As a silanol condensation catalyst, not only ordinary floor finishing materials, but also thin floor finishing materials can be used without causing gaps after laying floor finishing materials (subfloor materials). Organotin-based compounds are preferred because they can be laid and integrated on top.

The content of the silanol condensation catalyst in the curable composition is preferably 0.1 to 10 parts by weight, preferably 0.5 to 6 parts by weight with respect to 100 parts by weight of the polyoxyalkylene polymer (A) having a crosslinkable silyl group. Parts by mass are more preferred. When the content of the silanol condensation catalyst is 0.1 parts by mass or more, the curability of the curable composition is improved. When the content of the silanol condensation catalyst is 10 parts by mass or less, the adhesive strength of the cured product of the curable composition is improved.

[Dehydrating agent]
The curable composition preferably contains a dehydrating agent. The dehydrating agent can suppress curing of the curable composition due to moisture contained in the air or the like during storage of the curable composition.

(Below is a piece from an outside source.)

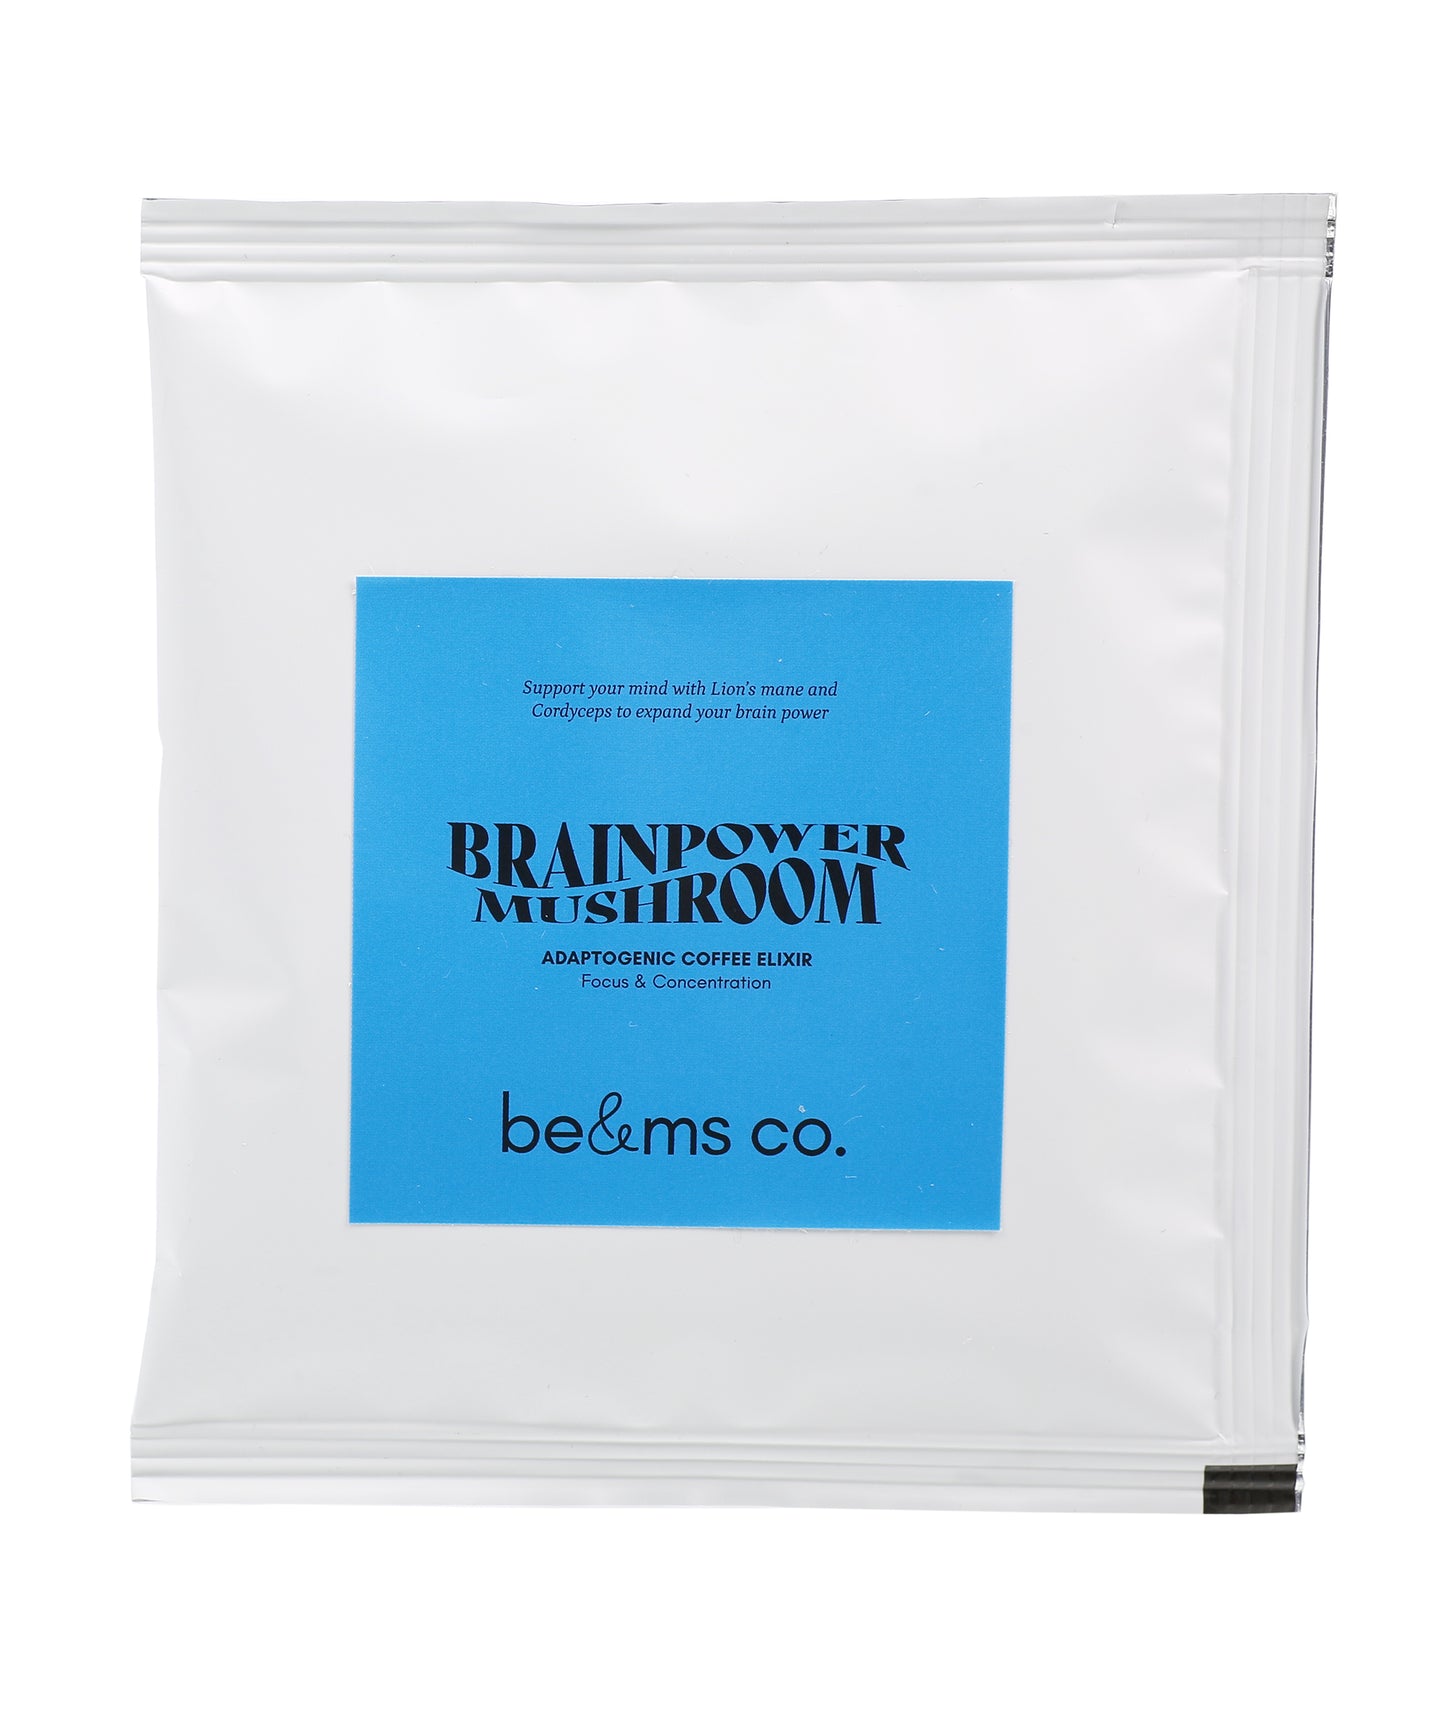 Brain Power Coffee Bags with Lion's Mane and Cordyceps Mushrooms
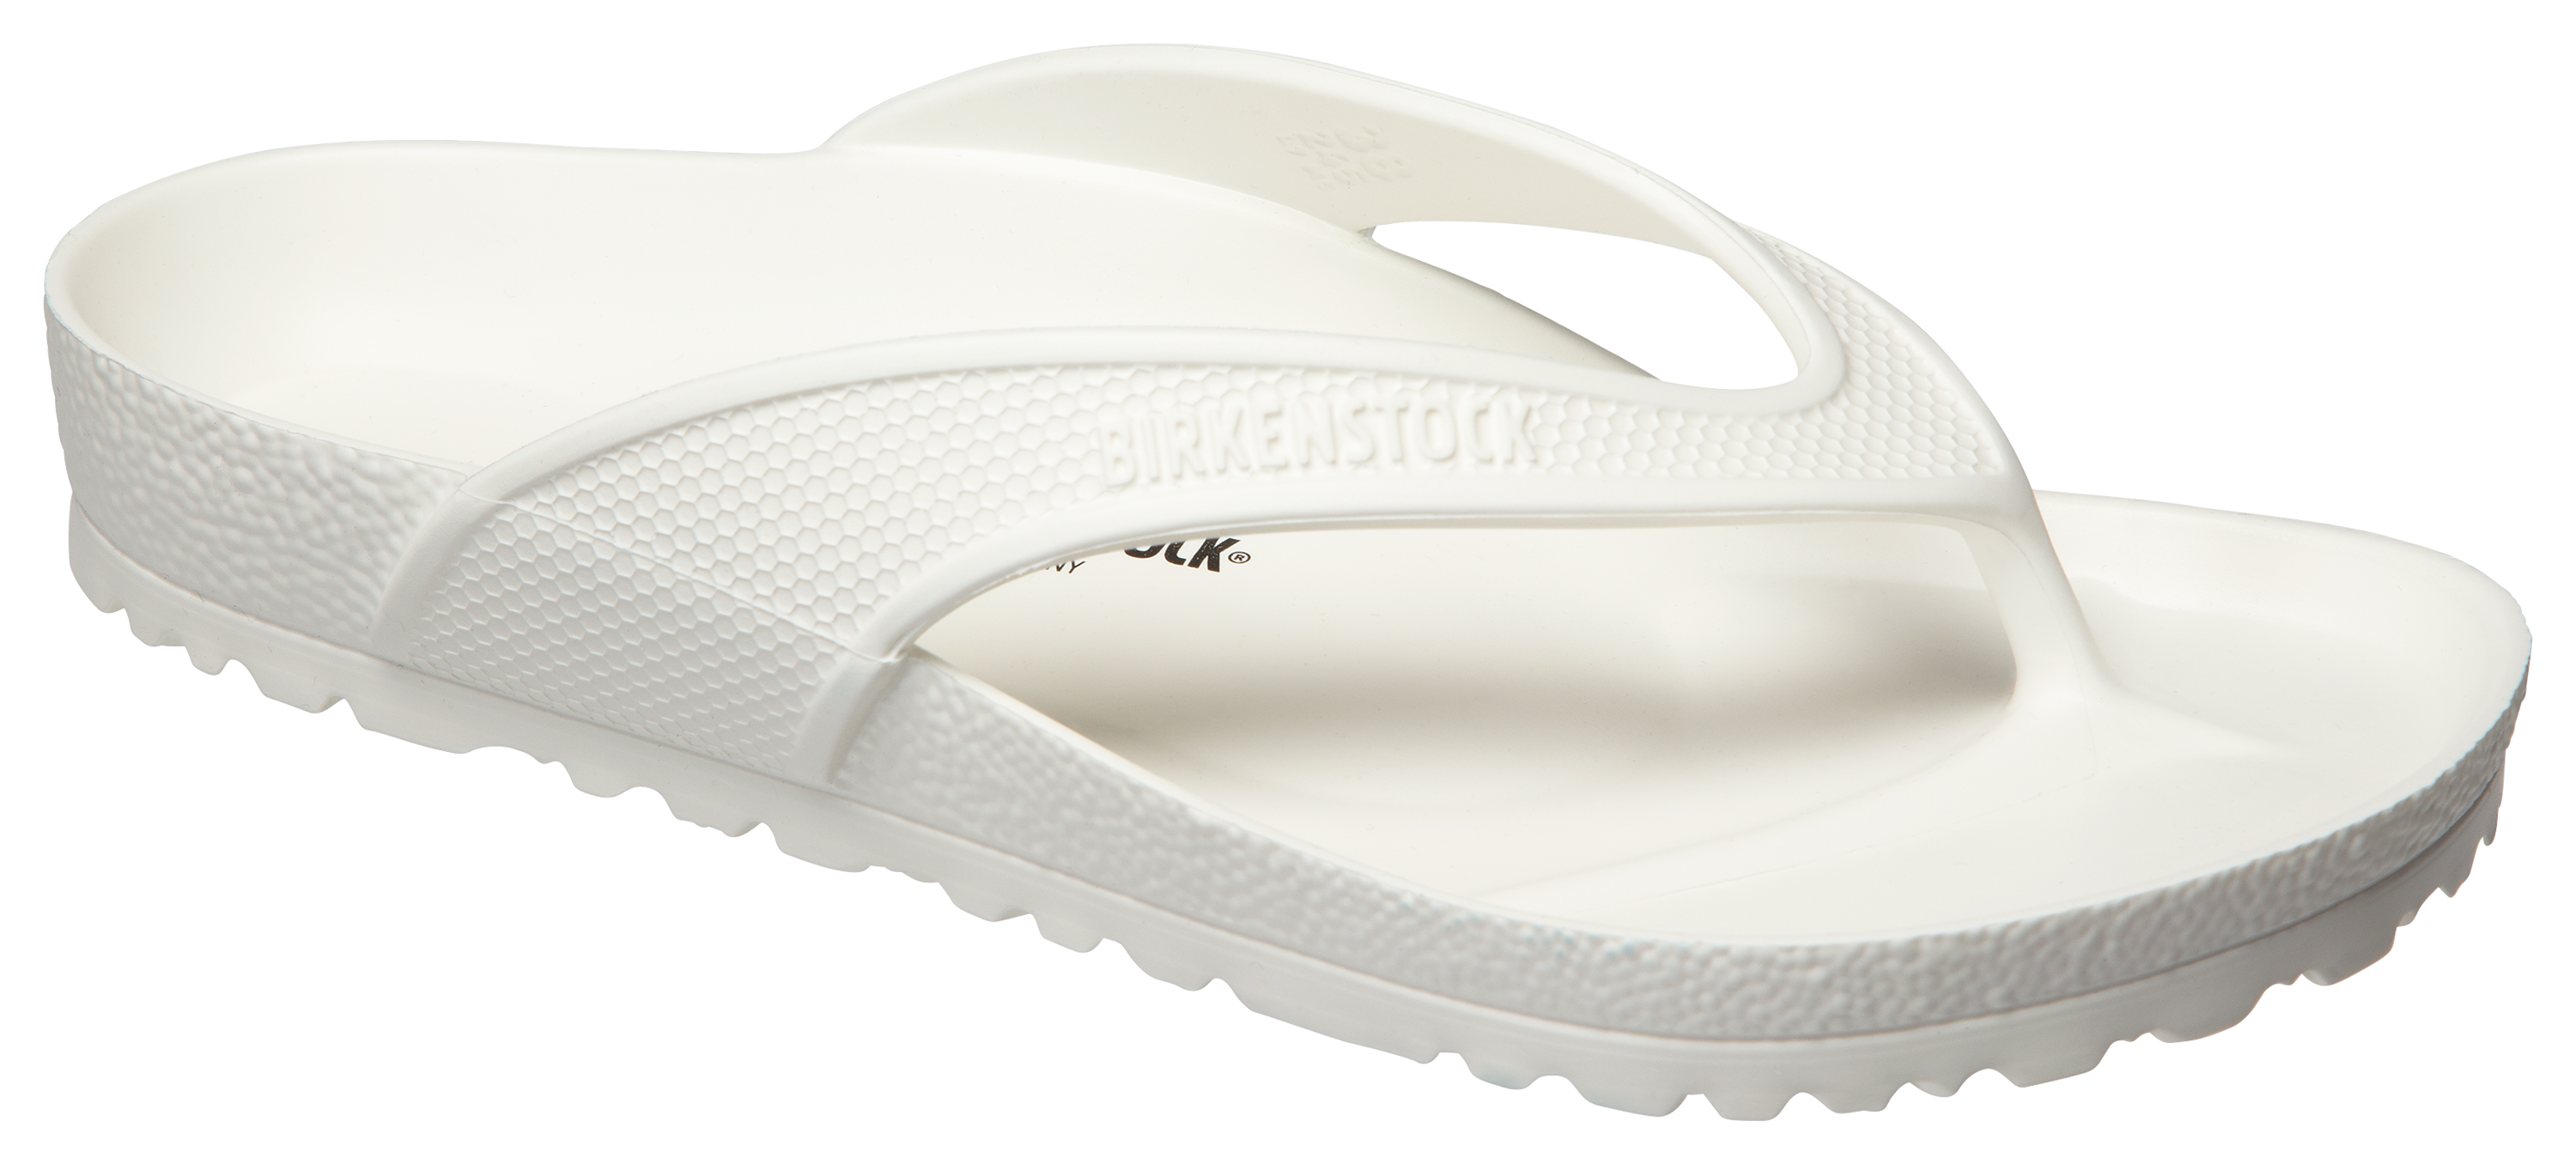 Birkenstock Honolulu EVA Thong Sandals for Ladies White 40M

Dehydrating agents include silane compounds such as vinyltrimethoxysilane, dimethyldimethoxysilane, tetraethoxysilane, methyltrimethoxysilane, methyltriethoxysilane, tetramethoxysilane, phenyltrimethoxysilane, and diphenyldimethoxysilane; and methyl orthoformate. , ethyl orthoformate, methyl orthoacetate, and ester compounds such as ethyl orthoacetate. Nivirtrimethoxysilane is preferred as the dehydrating agent. The dehydrating agents may be used alone or in combination of two or more.

The content of the dehydrating agent in the curable composition is preferably 0.5 to 20 parts by mass, preferably 1 to 15 parts by mass, relative to 100 parts by mass of the polyoxyalkylene polymer (A) having a hydrolyzable silyl group. is more preferred, and 1 to 5 parts by mass is particularly preferred. When the content of the dehydrating agent is 0.5 parts by mass or more, the storage stability of the curable composition is improved. When the content of the dehydrating agent is 20 parts by mass or less, the storage stability and handleability of the curable composition are improved.

[Other additives]
The curable composition may contain other additives such as antioxidants, UV absorbers, light stabilizers, pigments, dyes, anti-settling agents and the like. Among them, antioxidants are preferred. Preferably, the curable composition does not contain solvents.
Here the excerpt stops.